Der Hausberg Srd, die Stadtmauer, der Turm des Franziskanerklosters.

Unten wieder angekommen, stießen wir auf eine der zahlreichen kleinen Kirchen.

Die Kirche aller Heiligen oder auch Domino Kirche genannt. Auch sie war uralt, überstand das große Erdbeben nicht und wurde danach wieder aufgebaut. In unmittelbarer Nähe ließen es sich Hungrige gut gehen.

Zwischen den fast unverfälschten Jahrhunderte alten Wänden – bei diesem natürlichen Ambiente konnte es nur schmecken …

Für uns waren es nur noch wenige Minuten bis zum Ende unserer Altstadttour. Wir standen auf einmal wieder am Onofrio-Brunnen, im Hintergrund die Erlöserkirche

und der noch immer gut umlagerte Aufgang auf die Stadtmauer. Der Bau des dem Renaissancestil folgenden Kirchleins war die Reaktion der Bürger, dass Dubrovnik das 1520er Erdbeben ohne Schäden überstanden hatte; es war auch eins der wenigen Bauten, die 1667 nicht zerstört wurden.

Nun aber raus aus der Altstadt. Bevor wir in den Shuttle stiegen, schauten wir uns aus der Entfernung die auf einem Hügel thronende Festung Lovrijenac an.

Die ältesten Teile sind um die 1.000 Jahre alt; nach und nach wurde die Burg erweitert, damit sie den westlichen Zugang zur Stadt schützen konnte. Ein letztes Mal für die Game of Thrones – Anhänger: Der über der Schwarzwasserbucht Rote Bergfried taucht öfters in den einzelnen Fassungen auf. König Joffreys Namenstag wurde an diesem Ort gefeiert wie auch seine purpurne Hochzeit mit Margary.

Nun aber weg vom Game und hinein in den Bus. Unsere Füße dankten … auf dem Schiff wurden sie hoch gelegt und gepflegt für den nächsten Landgang. Wo? Aktuell in Zadar – Split fiel bekanntlich der Bora zum Opfer. Fallwinde von 50 km/h hätten ein gefahrloses Anlegen nicht ermöglicht. Bereits beim Auslaufen in Dubrovnik – ohne Auslaufmelodie und Typhon, denn laute Beschallung auf Deck waren verboten – wehte es ganz schön kräftig. Verbunden mit ungewohnt niedrigen Temperaturen bestimmt ein Grund, dass sich kaum jemand von ganz oben aus von der hell strahlenden Franjo Tuđman - Brücke verabschiedete.

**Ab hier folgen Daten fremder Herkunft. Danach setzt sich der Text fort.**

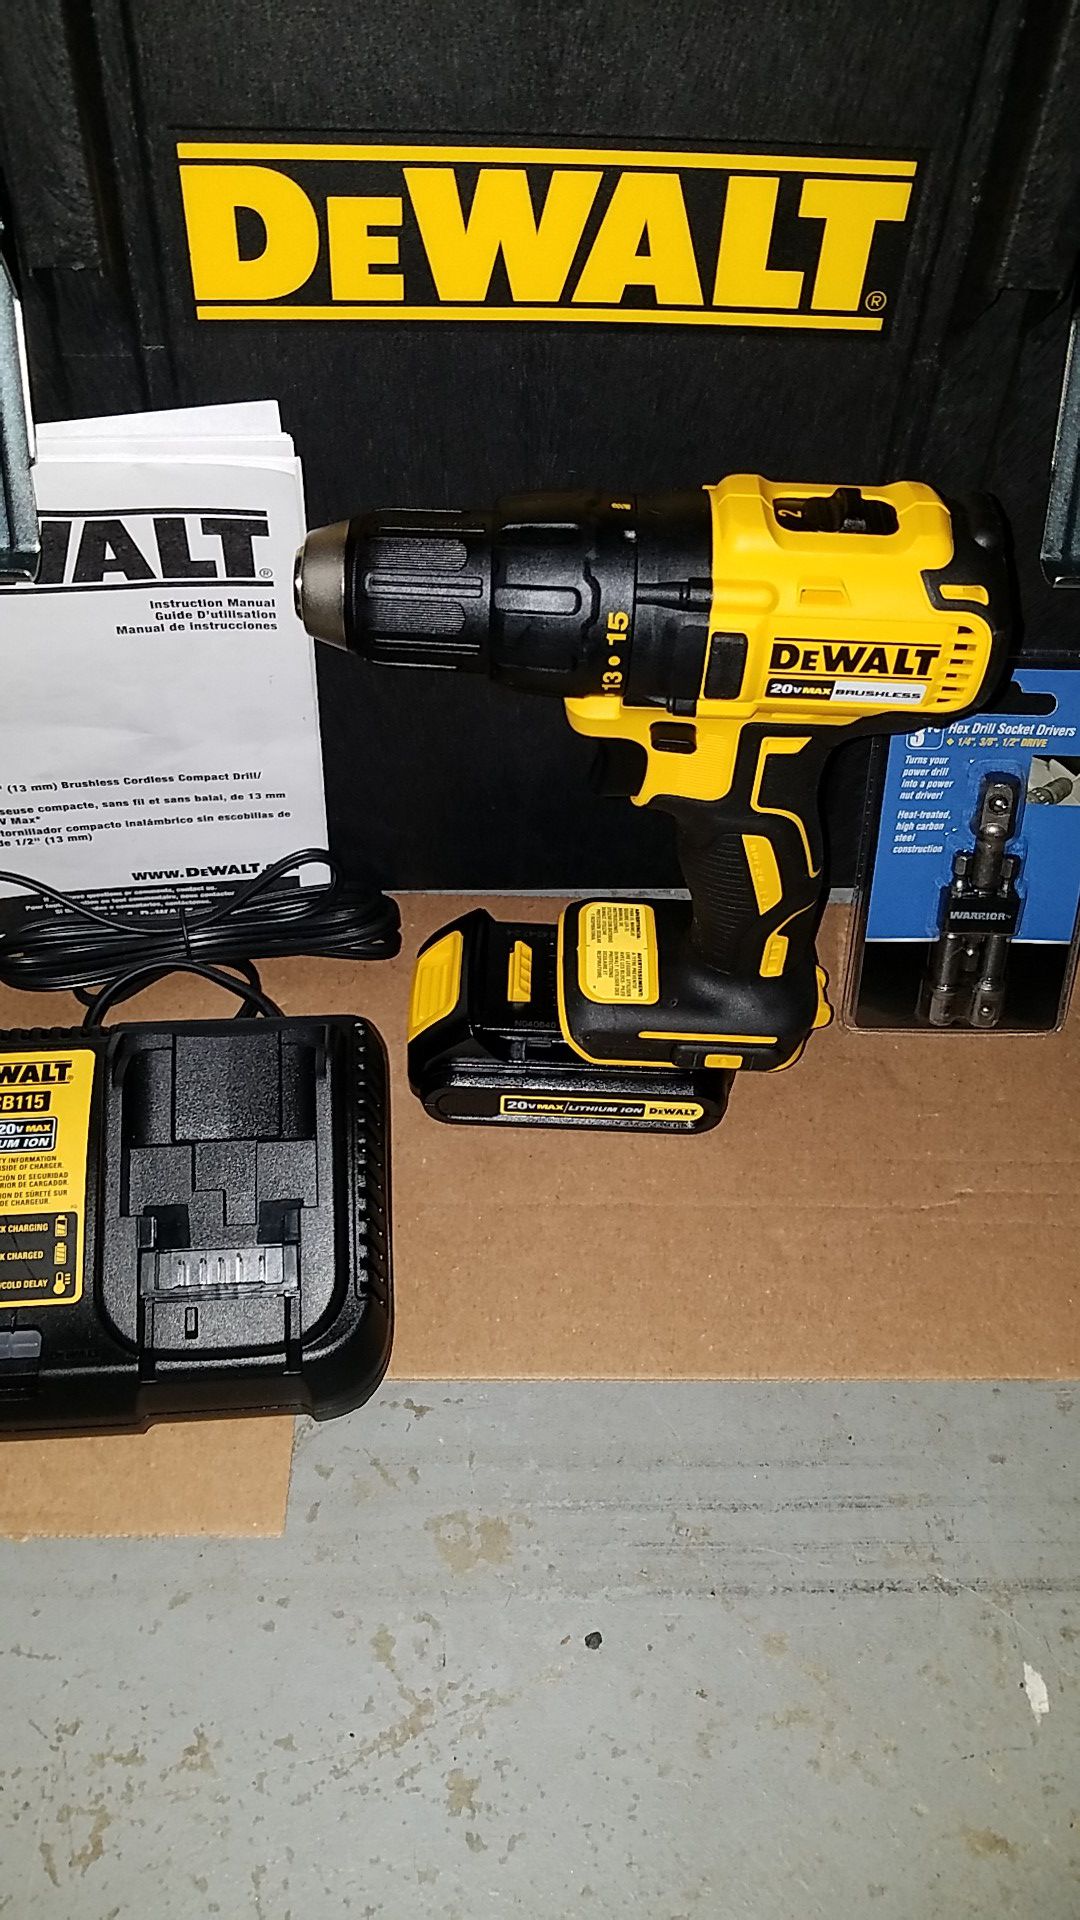 New dewalt 20v MAX Brushless drill/driver with battery and charger

2. Oktober 2026 – Seetag 4

In der Nacht merkten wir ab und zu leichte Schiffsbewegungen – für uns problemlos. Am Morgen lag unser Schiff ruhig auf dem Wasser. Es war sonnig, aber sehr windig. Allmählich kam die lange-Hosen-Zeit. Das Schiff bewegte sich in der dalmatinischen Inselwelt. Auf beiden Seiten waren Inseln zu sehen, vermehrt auf der Steuerbordseite, auf der wir Korčula passierten.

Auf Deck 14 standen keine Liegestühle zur Verfügung – sie wären durcheinander geflogen. Unsere Deckrundgänge waren aufgrund des bei jeder Runde auftauchenden Gegen- und auch des Rückenwindes sehr anstrengend. Also lieber in einen freien Strandkorb … Alles flatterte und ratterte – die Bora setzte selbst den schweren Strandkörben zu.

Zum Trost konnten wir uns an einem herrlichen Sonnenuntergang erfreuen.